HK1019781B - A pump impeller - Google Patents

Description

Pump impeller

The present invention relates to a pump impeller, and more particularly to a centrifugal or semi-axial flow pump impeller for pumping fluids, primarily sewage.

There are numerous types of pumps and pump impellers described in the literature for this purpose, but all suffer from certain disadvantages. Most importantly, both involve clogging and inefficiency problems.

Sewage contains many types of sewage, the amount and composition of which depend on the type of area where the sewage is discharged and the season of discharge. In urban areas, plastics, hygiene articles, textiles, etc. are most prevalent; whereas in industrial areas wear resistant particles may be discharged. Experience has shown that the worst problem is rags and the like, which stick to the leading edge of the blade and which are then wound around the hub of the impeller. Such events result in frequent maintenance and reduced efficiency of use.

In agriculture and the pulp industry, special pumps of various types are used, which should be able to handle straw, grass, leaves and other various organic materials. To this end, the leading edge of the blade is swept back so that dirt is transported outwardly to the outer periphery of the blade without adhering to the leading edge. Various types of shredding methods are used to cut these materials so that they flow more smoothly. Examples are listed in patent documents SE-435952, SE-375831 and US-4347035.

Since the sewage in the sewage contains other types of sewage that are more difficult to treat and since the operating time of sewage pumps is generally much longer, the above-mentioned special pumps do not meet the requirements for pumping sewage, both from a reliability point of view and from an efficiency point of view.

A sewage pump is often operated for 12 hours a day, which means that the energy consumption is strongly dependent on the total power of the pump.

Tests prove that the efficiency of the sewage pump is improved by 50 percent compared with the original sewage pump. Since the lifetime cost of an electrically driven pump is generally governed by the total energy consumption cost (c: a 80%), it is clear that the dramatic efficiency improvement is of paramount importance.

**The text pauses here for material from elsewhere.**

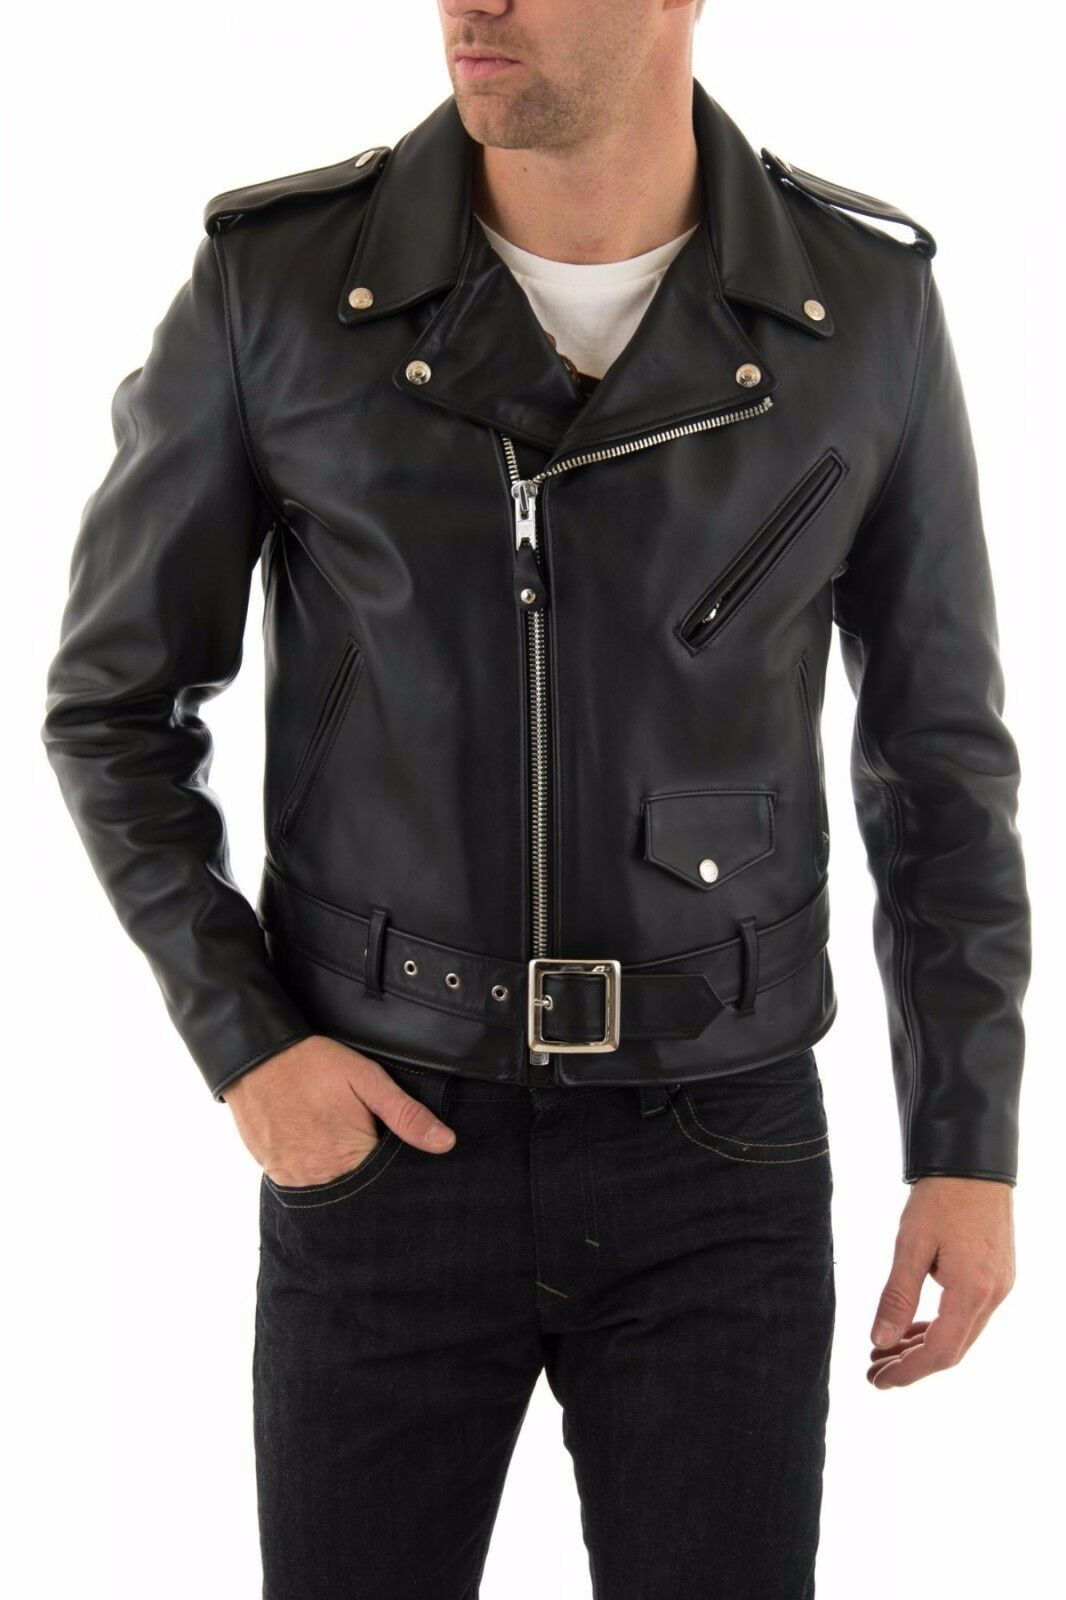 Veste en cuir pour hommes US Veste cuir Herren Lederjacke chaqueta cuero R101a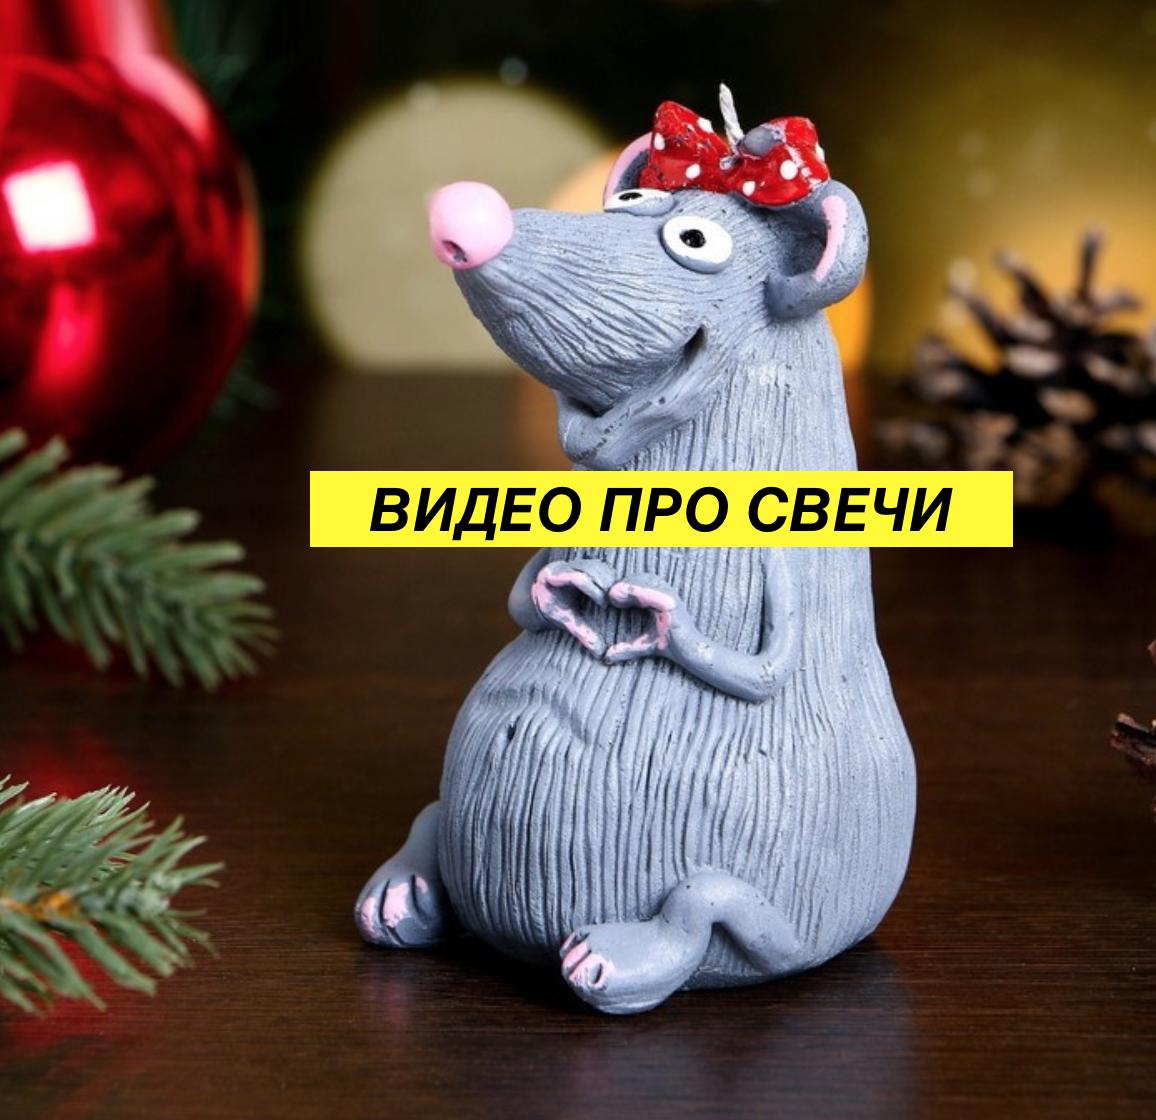 Сувенир на Новый год 2020 - Свеча в форме Мышки, Кусочка Сыра, Шишки, Мандарина, Ёлочки

The description of pump impeller design in the literature is extremely generalized, particularly with respect to the problem of blade leading edge sweep. There is no clear definition of the sweep.

The test shows that: the design of the sweep angle distribution over the leading edge is very important in order to obtain the self-cleaning capability of the pump impeller. The characteristics of the various contaminants also require different sweep angles to ensure good pump performance.

Nothing is given in the literature to tell how to cause dirt to slide and be transported radially outwardly along the leading edge of the blade. It is noted that general statements such as leading edge should be obtuse, swept back, etc. See patent document SE-435952.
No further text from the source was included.